Scheduling server tasks with boost.task

Recently, on a profile resource, one programmer asked the question: “What should MMO use for working with streams?” . The programmer was inclined to Intel TBB , but not even to the basic primitives, but to custom task scheduling. Well, like TBB - well, okay. A little later, I saw the source code of the MMO server of another programmer, who recently began to correspond with him from scratch to improve the architecture. And there were a lot of bikes that were written by the programmer himself instead of using third-party components such as boost (for example, wrapper classes over pthread, and this is in 2010, when boost.thread is almost standard). There was implemented a thread pool support with a task scheduler. This topic is very interesting to me and I began to dig information about ready-made solutions for planning tasks (as in TBB) and found boost.task , which I decided to write about.

Definition

The task (task) is a logically united set of actions. The task scheduler asynchronously performs tasks based on certain strategies for choosing who should be running at the moment in what thread.

Tasks allow you to abstract from ordinary threads and operate at a higher level.

Why do I need a task scheduler?

How does a spherical server work in a vacuum? Very simple:

A request comes from a client
It is processed!
The answer is sent

Well, in addition to the server, some processes may occur that are executed without a client request. For example, sending notifications to the entire user database, clearing the database of obsolete data (little key), processing daily statistics, and so on.

Now the snag is exactly how the request is processed. We need to figure out how to handle it.

Take for example a memcached-like server: we have a hash_map with data, there are read requests, there are write requests that make a simple hash map and return data, or write them into a hash map. So far everything is happening in one thread, but what if we need to use all the processors of the system?
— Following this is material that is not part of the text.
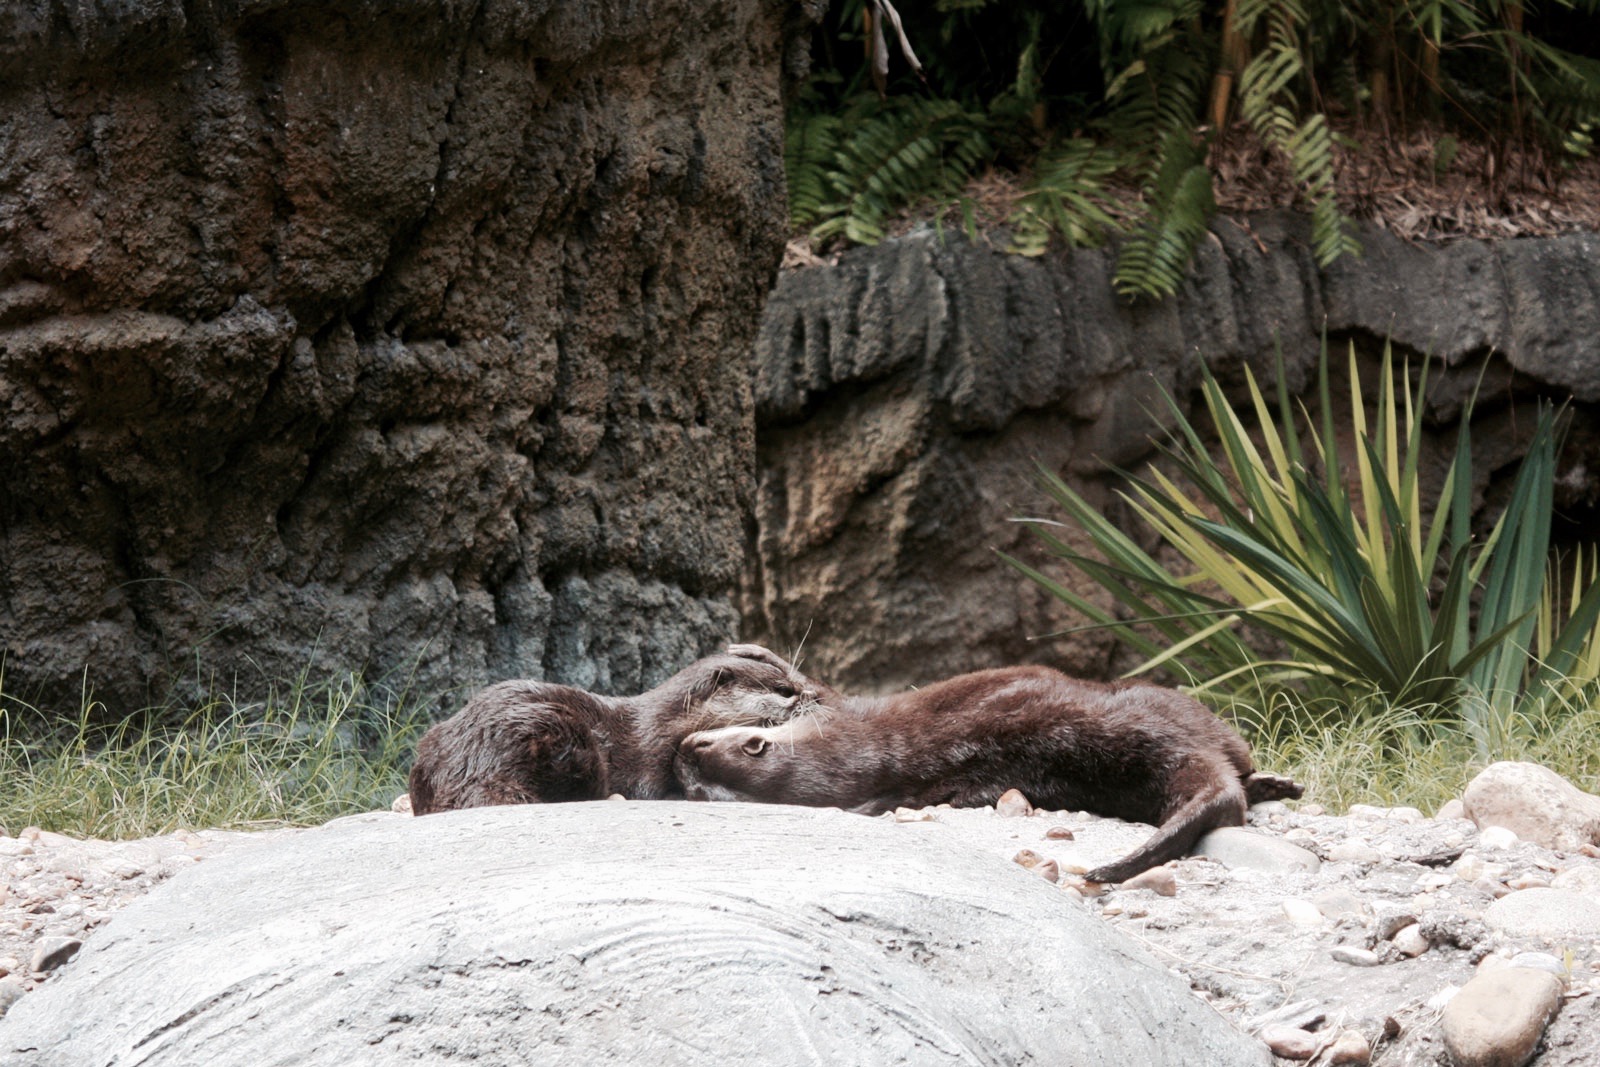 Otters at the Jacksonville Zoo

We create as many threads as there are cores. We process users in each stream, which we scatter as a round-robin when creating a connection. When accessing the container, we use rwlock-i (boost :: shared_mutex). Fine. And how do we deal with the removal of elements from the container? Create a thread that wakes up once every N seconds and cleans the container.

It was a simple example, and now a more complex example: a service that, depending on the user's request, can make a request to the database, make an http request to some site. What will happen if the server is made according to the previous model (all requests to other components will be executed synchronously)? Well, the database is located on the same site as the server, the answer will be within a couple of milliseconds. Sending email is also not a problem - we put sendmail on the same machine, give him the data, and he himself will figure out how to send a letter.

Fine. Although not quite. And what to do with the http-request? It can take a very long time - it all depends on the site which is somewhere far away and it’s not known how long the request will process. In this case, the thread will be inactive, although there are many requests in the queue that can be executed, but they wait until this thread is released.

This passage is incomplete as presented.